Llion Jones, one of the authors of the original 2017 paper that created the Transformer, “Attention is All you need”, the paper I mention every time I write about LLMs, said at a TED AI event last month that he is now “absolutely sick” of the transformer architecture.
According to him, the transformer project at Google was “very organic, bottom up.” Researchers talked over lunch, scrawled on whiteboards, and faced no pressure from management. There were no demands to publish a certain number of papers, no metrics to hit, no quarterly objectives to meet. They had the freedom to explore an idea that might not work, and that freedom led to one of the most significant breakthroughs in modern computing.
Today, despite unprecedented investment and talent flooding into AI, he argues that “this has somehow caused the narrowing of the research that we’re doing.”
He talks about the immense pressure coming from investors demanding returns and researchers scrambling to stand out in an overcrowded field.
Even researchers making millions per year don’t feel empowered to try wild, speculative ideas because of the pressure to prove their worth.
So, while the resources available for AI research have exploded, the range of research directions being explored has actually contracted.
In fact, as of of late 2025, AI startups have captured over 50% of all global venture capital. But, this capital isn’t funding a diverse ecosystem of ideas but is instead funding a gold rush for one architecture. The transformer architecture.

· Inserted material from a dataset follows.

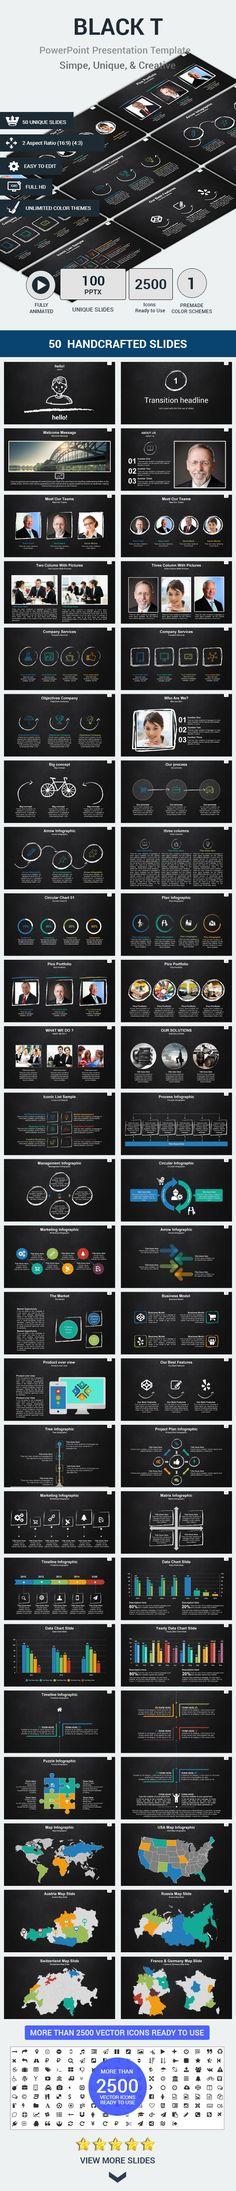 Black PowerPoint Presentation Template #slides #design Download: http://graphicriver.net/item/black-t-presentation-template/13038673?ref=ksioks

We are stuck in a local maximum, continuously “putting a carbon-fiber tail fin on a carriage,” as Llion Jones said, because the market has no patience for real exploration.

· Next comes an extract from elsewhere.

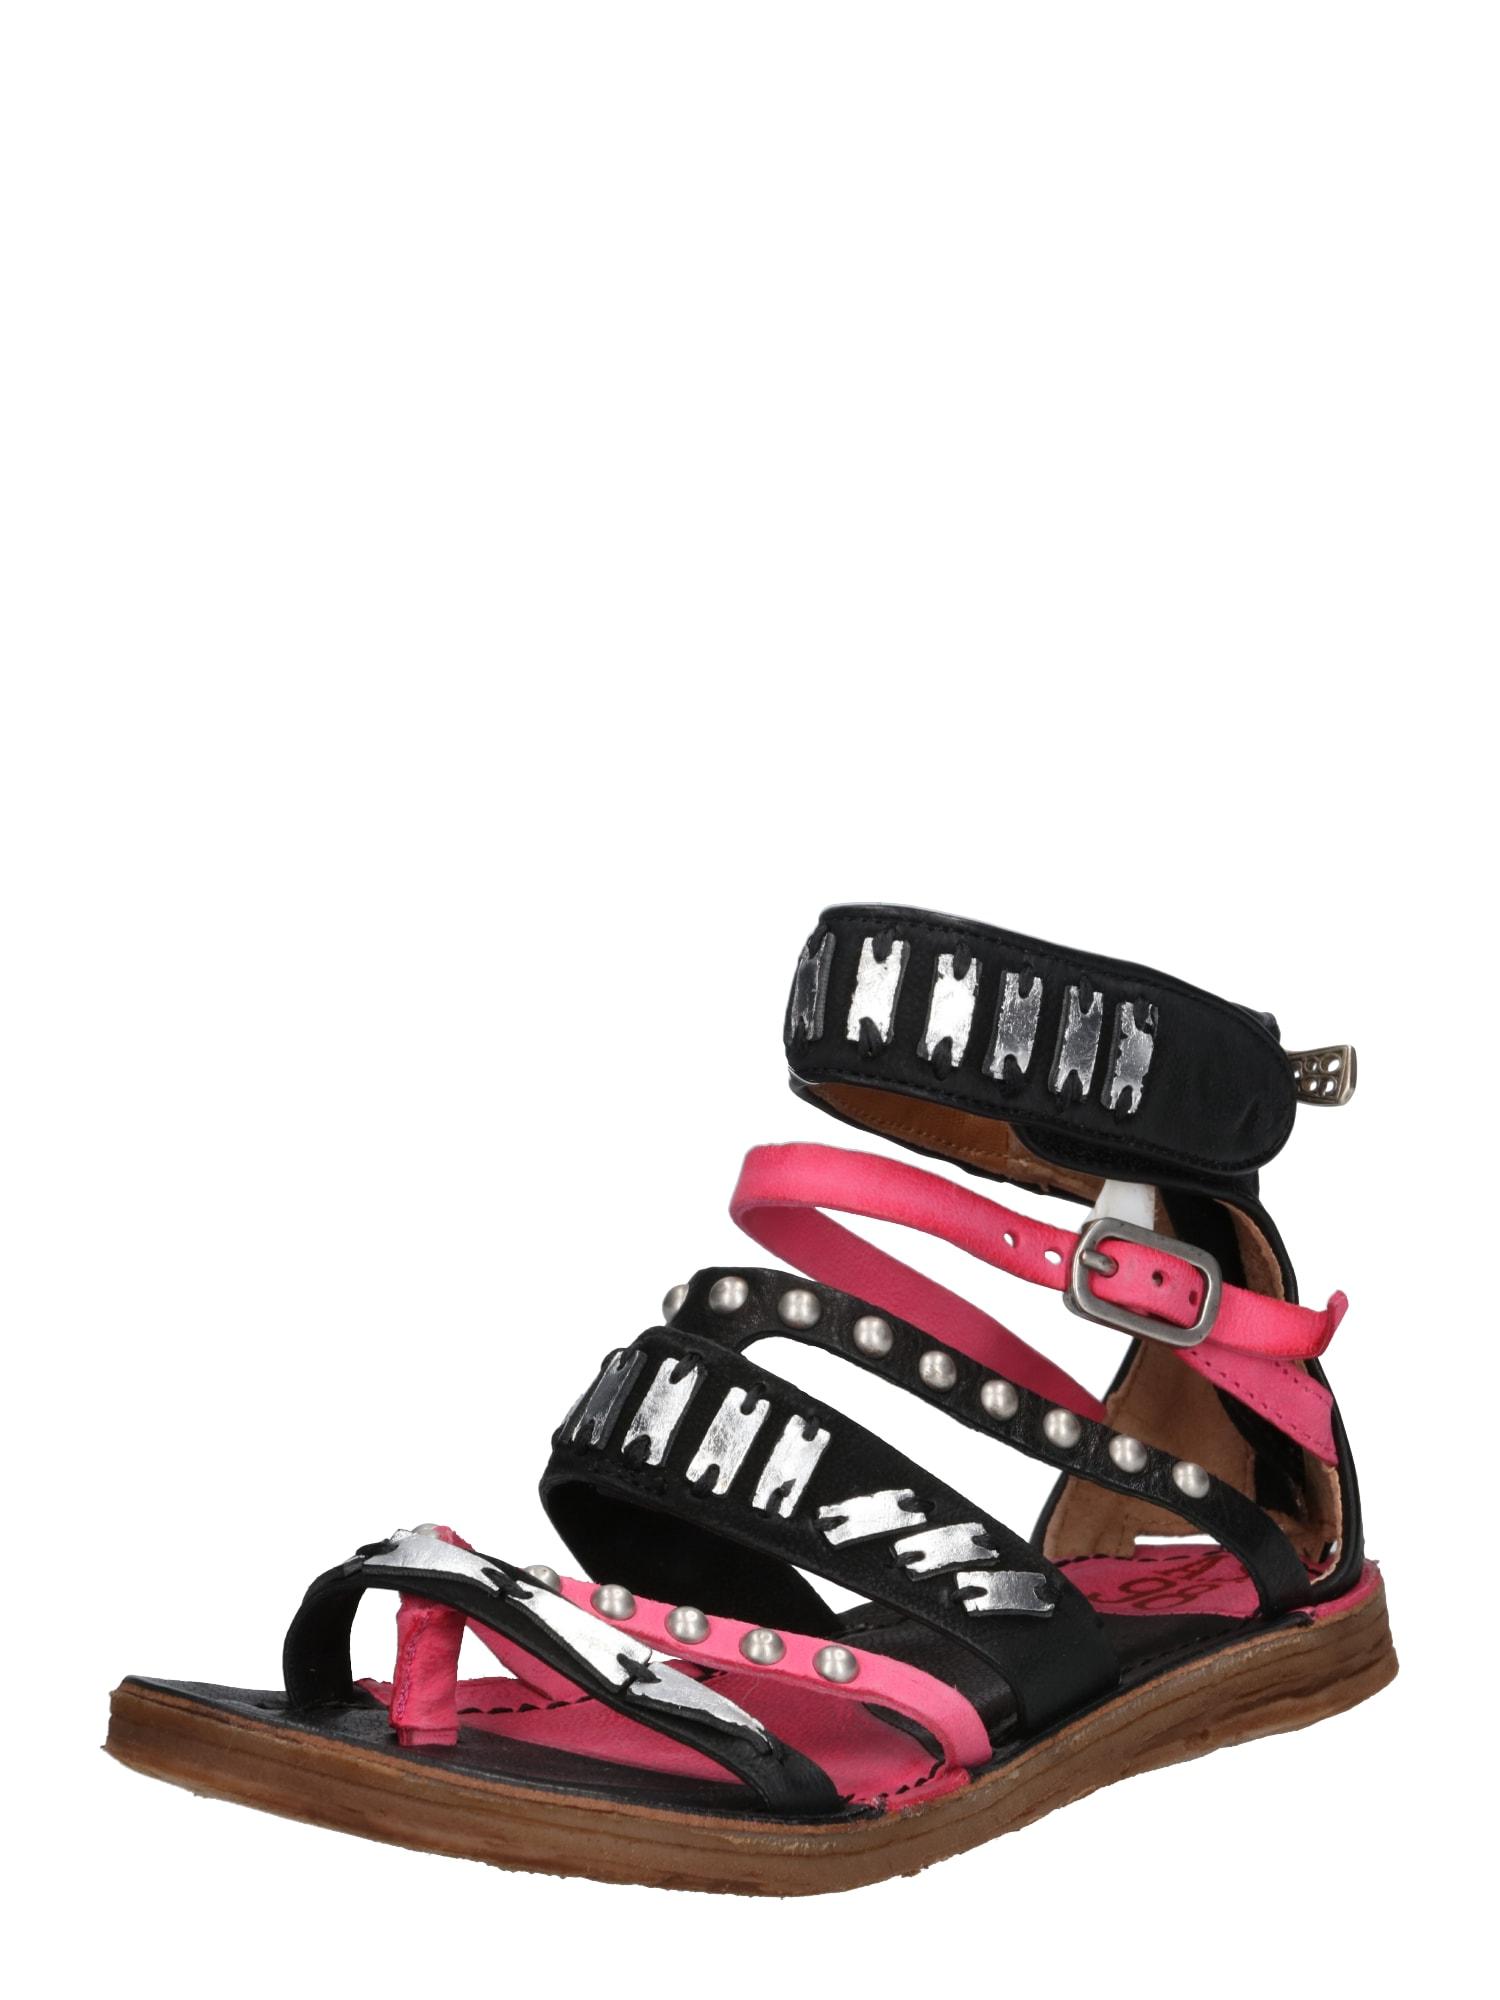 Páskové sandály Ramos pink černá A.S.98

So, trapped in this monoculture, the industry needed fuel to keep the hype machine running. So it turned to the cheapest, most abundant resource available. Us.
The Oil
This bubble, like all bubbles, needs a resource to inflate it. It runs on the oil. That oil is us. We are the raw material being mined.

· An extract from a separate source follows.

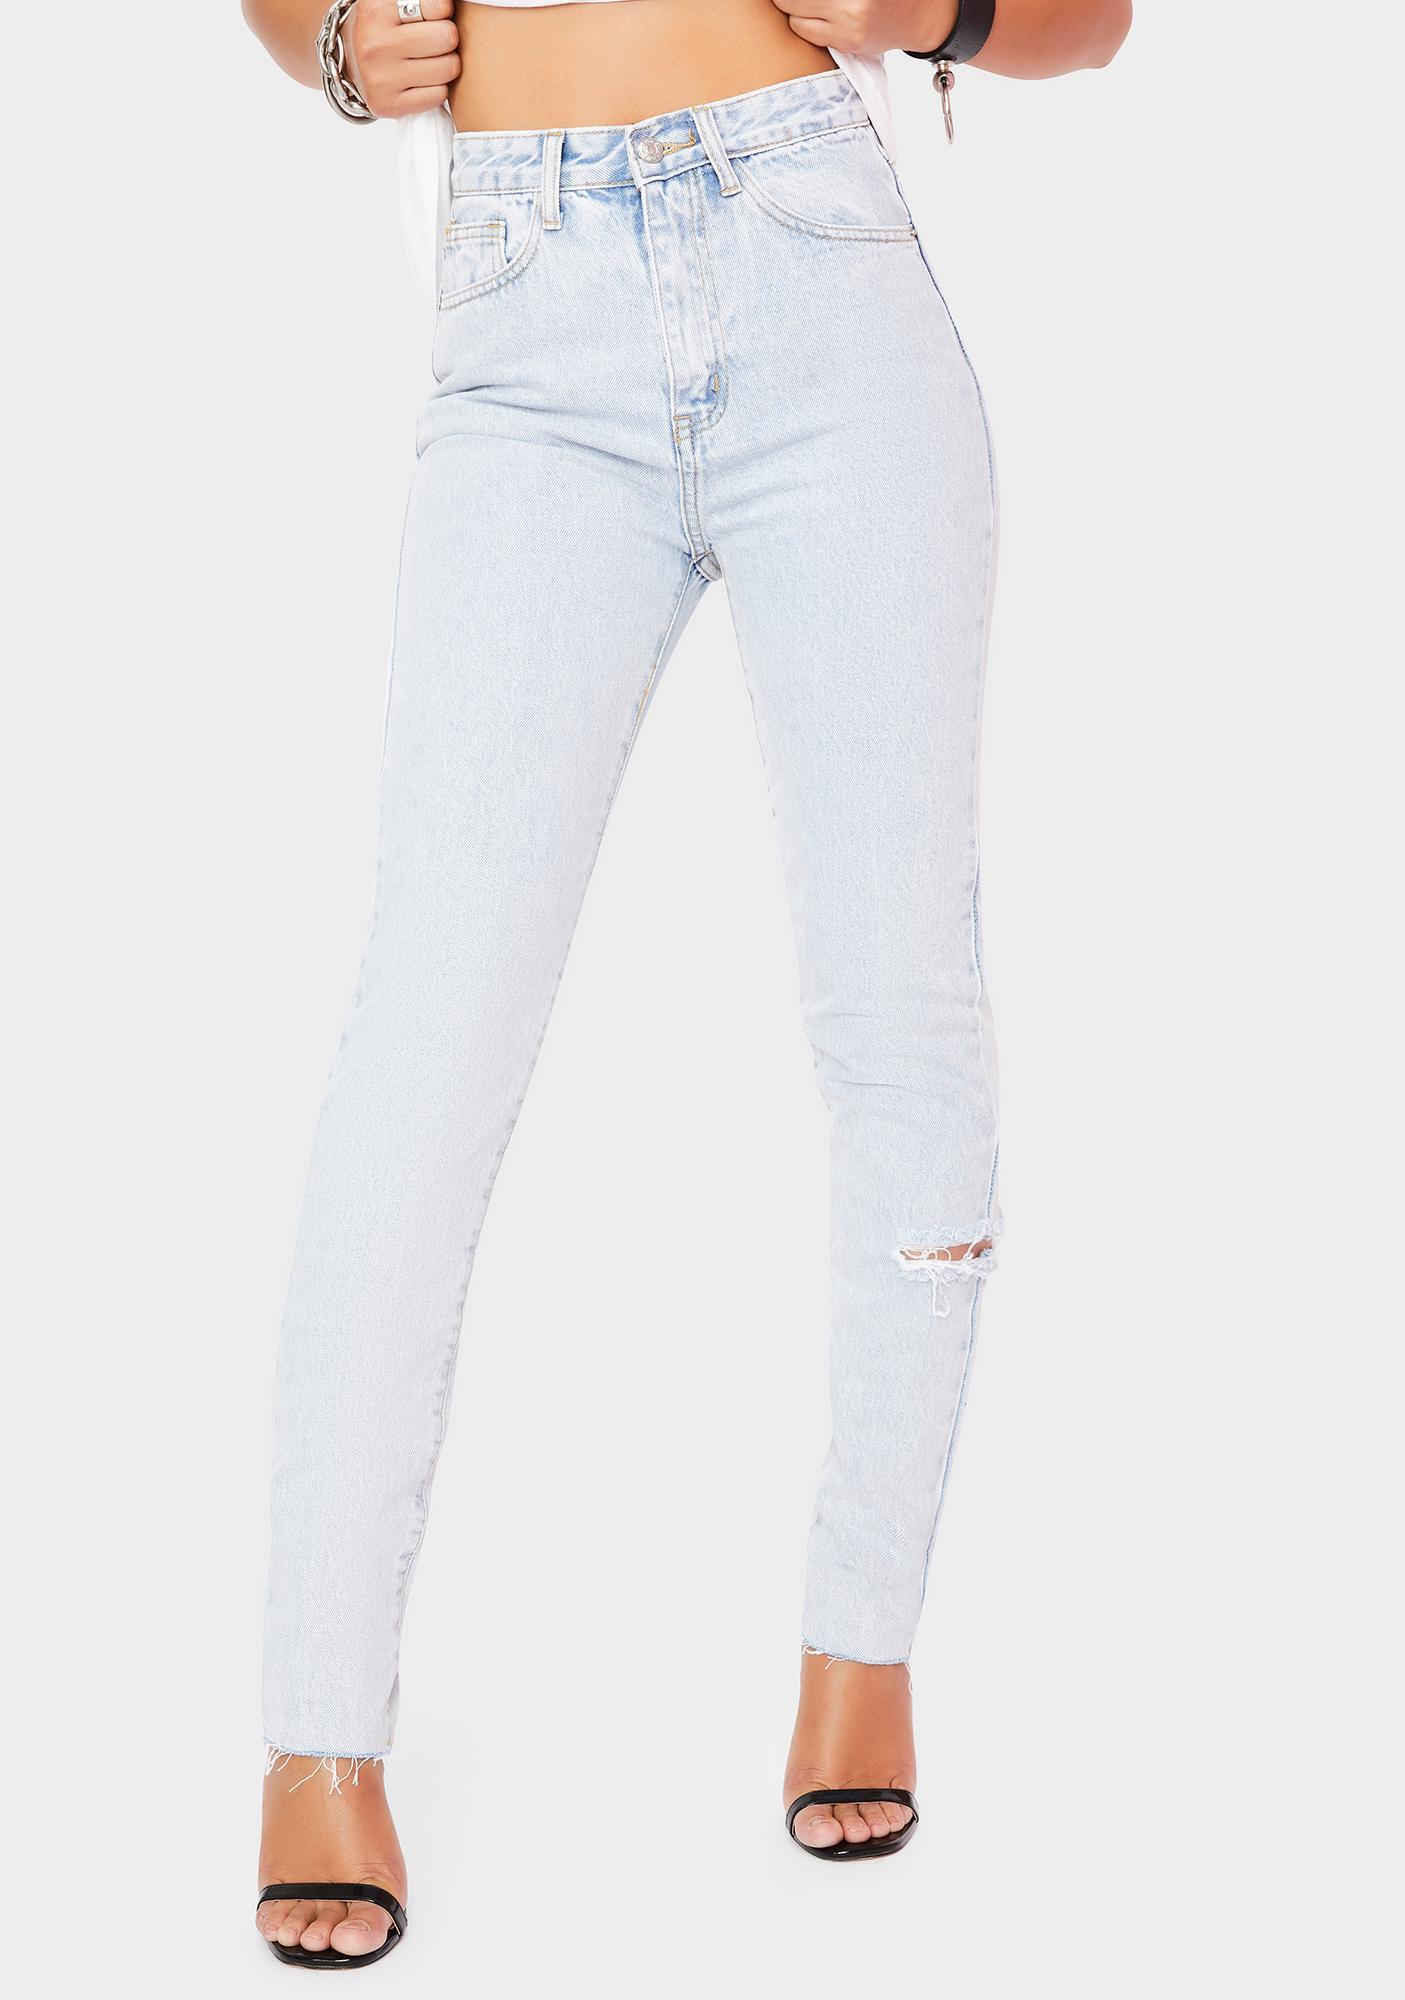 Momokrom Light Wash Side Rip Straight Leg Jeans

We are all, collectively, running the Turing Test. But this isn’t Alan Turing’s 1950s parlor game of “can it fool a human judge?” That’s a dumb, academic question for these times. The real test is the economic Turing Test, and its only question is, “Can your model prove to investors that you are worth a $500 billion valuation?”
…aka let’s get those DAU/MAUs in.
DAU = Daily Active Users
MAU = Monthly Active Users
There are 2 types of Turing Tests.
First, there’s the paid test: the explicit, multi-billion dollar “data labeling” and “AI tutor” industry. This is where companies openly pay for human “oil.”
They pay generalists $20 an hour, and in because they want quality, they now pay expert lawyers, doctors, and engineers anywhere from $250 to $1,000 an hour to teach their models not to sound stupid. This is the “boutique”, high grade crude oil. Maybe olive oil with truffle flavouring.
But the real interesting one, that makes the DAU/MAUs possible, is the unpaid test. This is the mass-scale, “free” labor force of 800 million weekly active users.
And I know that most folks think the “snake oil” in AI is the faulty product, or the money, but in fact, the cons are probably the deals we produce by consuming.
We are the unpaid R&D, QA, and content moderation teams for the wealthiest companies on Earth. Every time we use these models (either free or paid versions) we are the ones “Turing-testing” the product into viability.
Every “regenerate” click, every “thumbs down,” every re-phrased prompt is a free data point that tells their model how to be better. (RLHF ftw, we talked about this before)
But what we maybe do not realise is that with every interaction, we are meticulously, and freely, teaching a machine how to replace the very faculties we’re using.
We are outsourcing our own cognition, deskilling ourselves from creators into passive, frustrated editors.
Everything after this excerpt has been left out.